While this modified apparatus has been successful in eliminating the problem which may be encountered by use of the angular rotational apparatus disclosed in U.S. Pat. No. 4,490,411 of distorting and damaging the rotating and axial advancing pipe in the heated region of plasticity, a new and different problem has been encountered with the modified apparatus.
It has been found that as the heated rotating pipe is discharged from the induction heating means, there is an acute problem which arises due to the presence of a magnetic field which is imposed upon the hot pipe as it is advancing along the sequence of nesting grooves between the third and fourth rollers on the discharge side of the heating unit. This magnetic field typically becomes so intense that the rotating hot pipe may be drawn into the induction heater at a rate which is faster than the axial advancing means is pushing the rotating pipe.
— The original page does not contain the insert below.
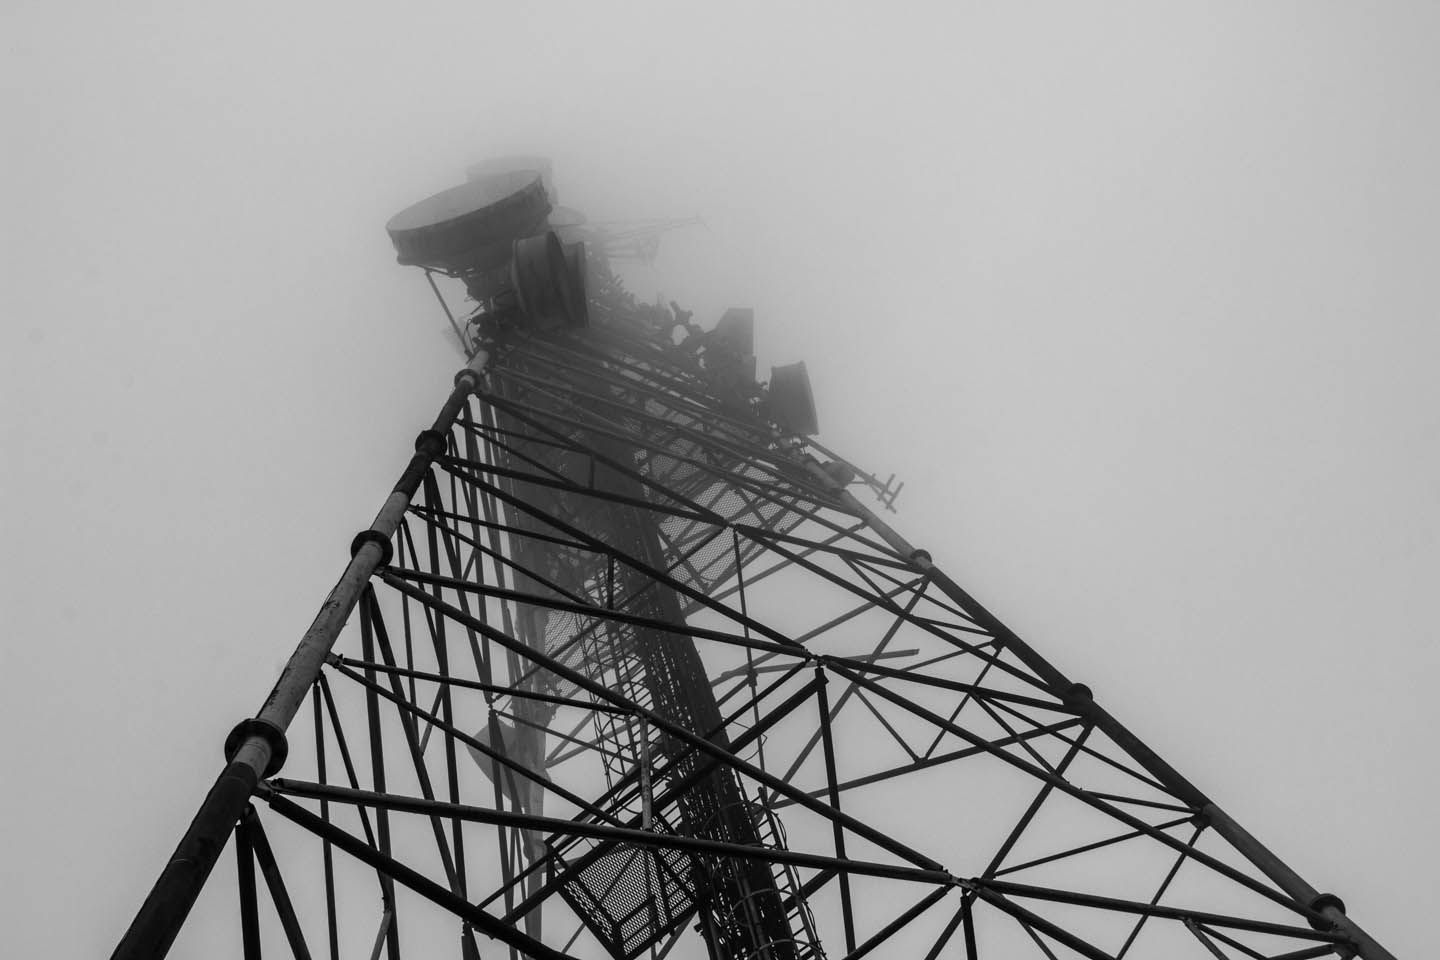 Communication tower covered by fog at Gunung Brinchang, Cameron Highlands, Malaysia

When this occurs, the residence time of the hot rotating pipe within the induction heating coil may become insufficient to allow the proper amount of sprayed metal powder to reach the internal surface of the pipe, thereby causing insufficient coating thickness to be fused to the inside surface of the pipe in at least some regions of the pipe bore.
Accordingly, it is an object of the present invention to provide a method and apparatus for internally coating the surfaces of elongated metal bodies, such as tubes and pipes, without encountering wide variations in the coating thickness on the internal surface of the metal bodies.
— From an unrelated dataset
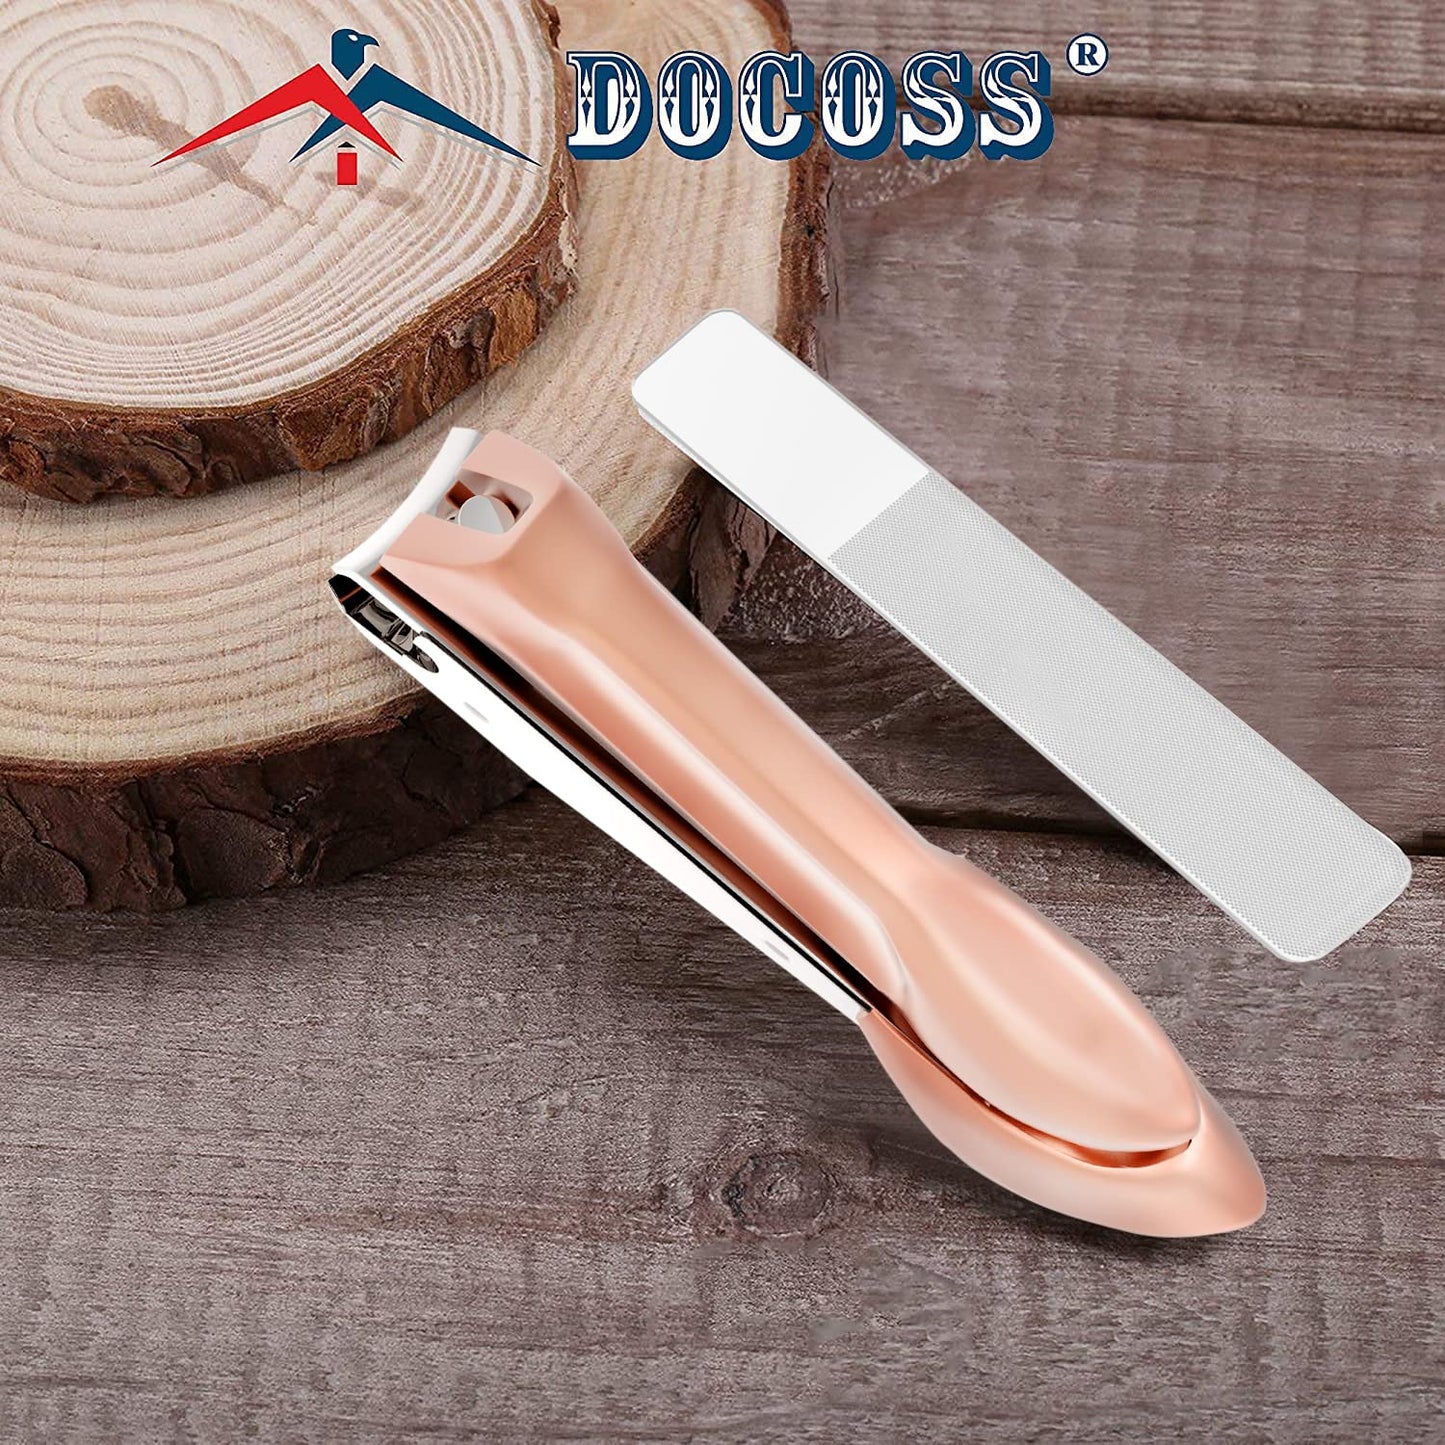 DOCOSS Professional Rose Gold Nail Cutter Kit Set With Filer & Toenail Fingernail Clipper Stainless Steel Nail Clipper Set / Nail Cutter For Men Women (Rose Gold)

It is another object of the present invention to provide a method and apparatus for internally coating a metal pipe or tube without encountering wide variations in the speed of the rotating tube or pipe as it is passed through an induction heating apparatus.
It is also an object of the present invention to provide a method and apparatus for internally coating a metal tube or pipe without encountering an excessive speed of advance of the tube or pipe as it is passed through an induction heating apparatus while rotating and longitudinally advancing along the sequence of nesting grooves between the adjacent pairs of rollers on the outlet side of the induction heating apparatus.
It is a further object of the present invention to provide a method and apparatus for internally coating a rotating metal tube or pipe at a substantially constant speed of advance which is sufficient to cause the rotating and longitudinally advancing metal tube or pipe to achieve a substantially uniform coating thickness which is substantially uninfluenced by any magnetic field which may be imposed upon the advancing pipe as it is passed through an induction heating coil.
These and other objects of the present invention, as well as the advantages thereof, will become more clear to those skilled in the art from the disclosure which follows.